There is also the live-action movie debut of Darkseid, perhaps the most heralded antagonist in a DC comic-book library with over eight decades’ worth of adventures. The film was initially intended to be a prelude to an even bigger battle between the hero team and Darkseid - a 1970 creation of the late comic book legend Jack Kirby - back when the Snyders thought they’d be making two or even three “Justice League” movies.
Zack said that of all the obvious changes fans will notice, he is most looking forward to them seeing what he had in store for actor Ray Fisher’s Cyborg character. He says that when he was revisiting the script with writer Chris Terrio, they both knew right away that “Justice League” was shaping up to be a Cyborg movie above anything else.
The character, who made his comics debut in 1980, has become more popular in recent years from Cartoon Network’s “Teen Titans Go” series and is one of DC’s most prominent Black superheroes.
“One of the things I’m most excited about now that I’ve been able to put it back (in the movie) is to see what Ray did and what Ray’s journey was about,” Zack said. “He’s such an important DC character. It was time, frankly, I thought. There could definitely be a Cyborg solo movie after watching this.”

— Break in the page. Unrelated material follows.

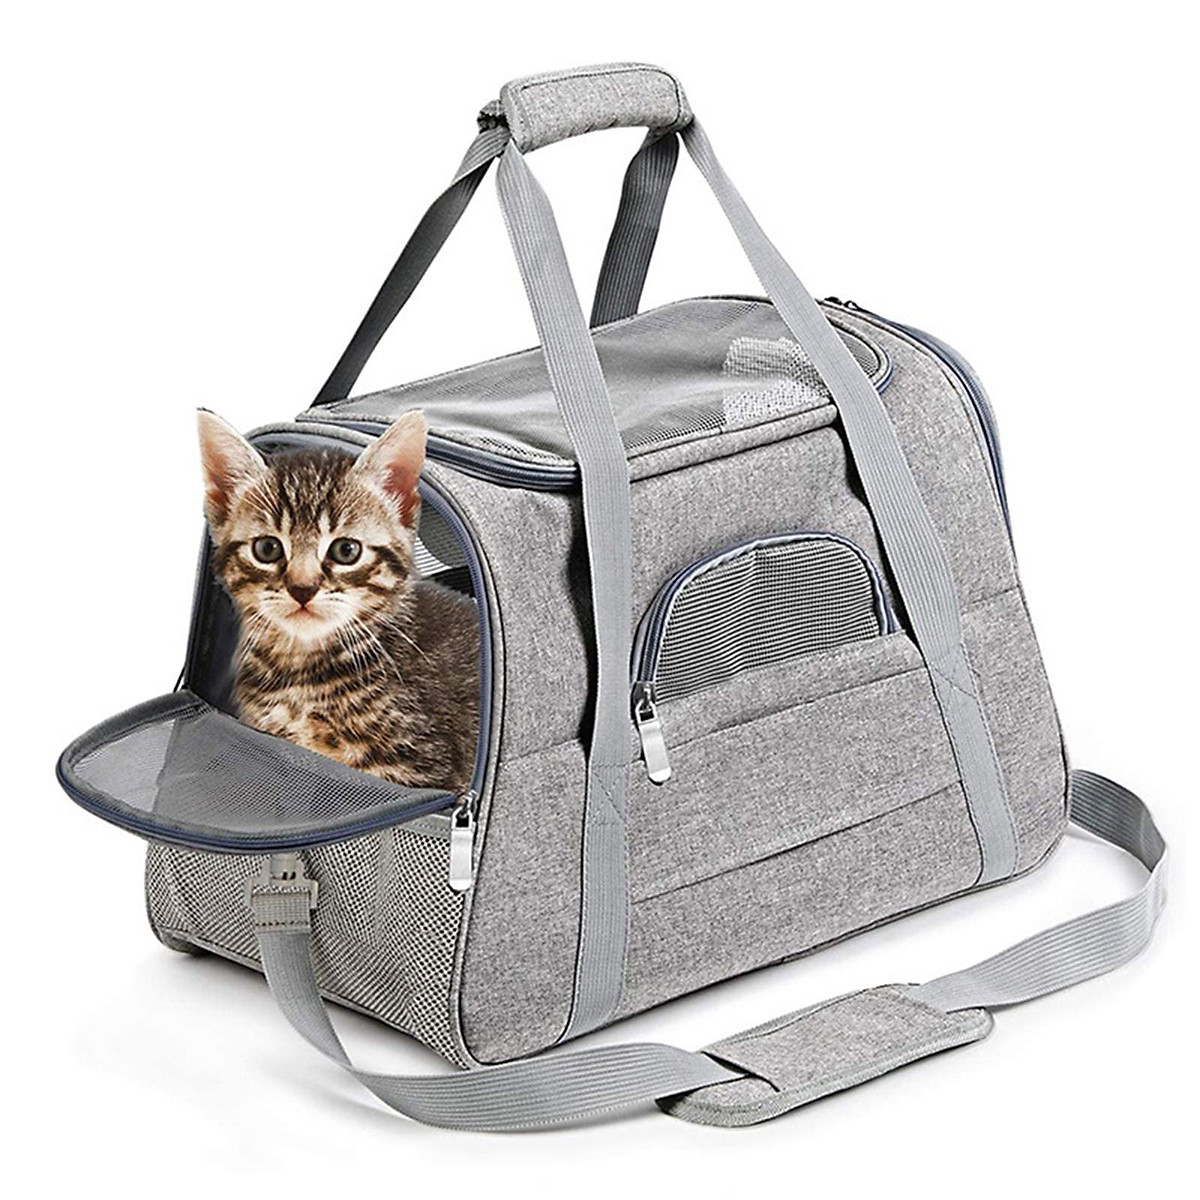 Pet Cat Carriers Dog Carrier Pet Carrier for Small Medium Cats Dogs  Puppies, Dog Carrier Soft, Collapsible Puppy Carrier Bag Breathable Package

Even if the new release is the last time the Snyders work with DC’s heroes, their fingerprints will be all over the future of Warner Bros. superhero movies. Momoa’s “Aquaman” is a billion-dollar franchise. Gadot’s “Wonder Woman” films will spawn a trilogy. Miller’s “The Flash” movie, set for a November 2022 release, is bringing Michael Keaton back to the Batcave. Snyder couldn’t be happier for all of them.
“I love those guys as actors and people,” Zack said. “I’m proud of the work they’ve done.”
The Snyders have dedicated the new film to the memory of their daughter Autumn. The music that plays over the end credits was her favorite song, “Hallelujah.” The singer, Allison Crowe, performed it at Autumn’s funeral.
“I felt like, to honor her, that was a thing I had to do,” Zack said. “There were times when we were talking about whether to do (the new cut) or not ... there was a lot of negativity around it. But I’ll be honest, I’m really glad that I did, because it was a such a cathartic and positive experience just putting that all back.”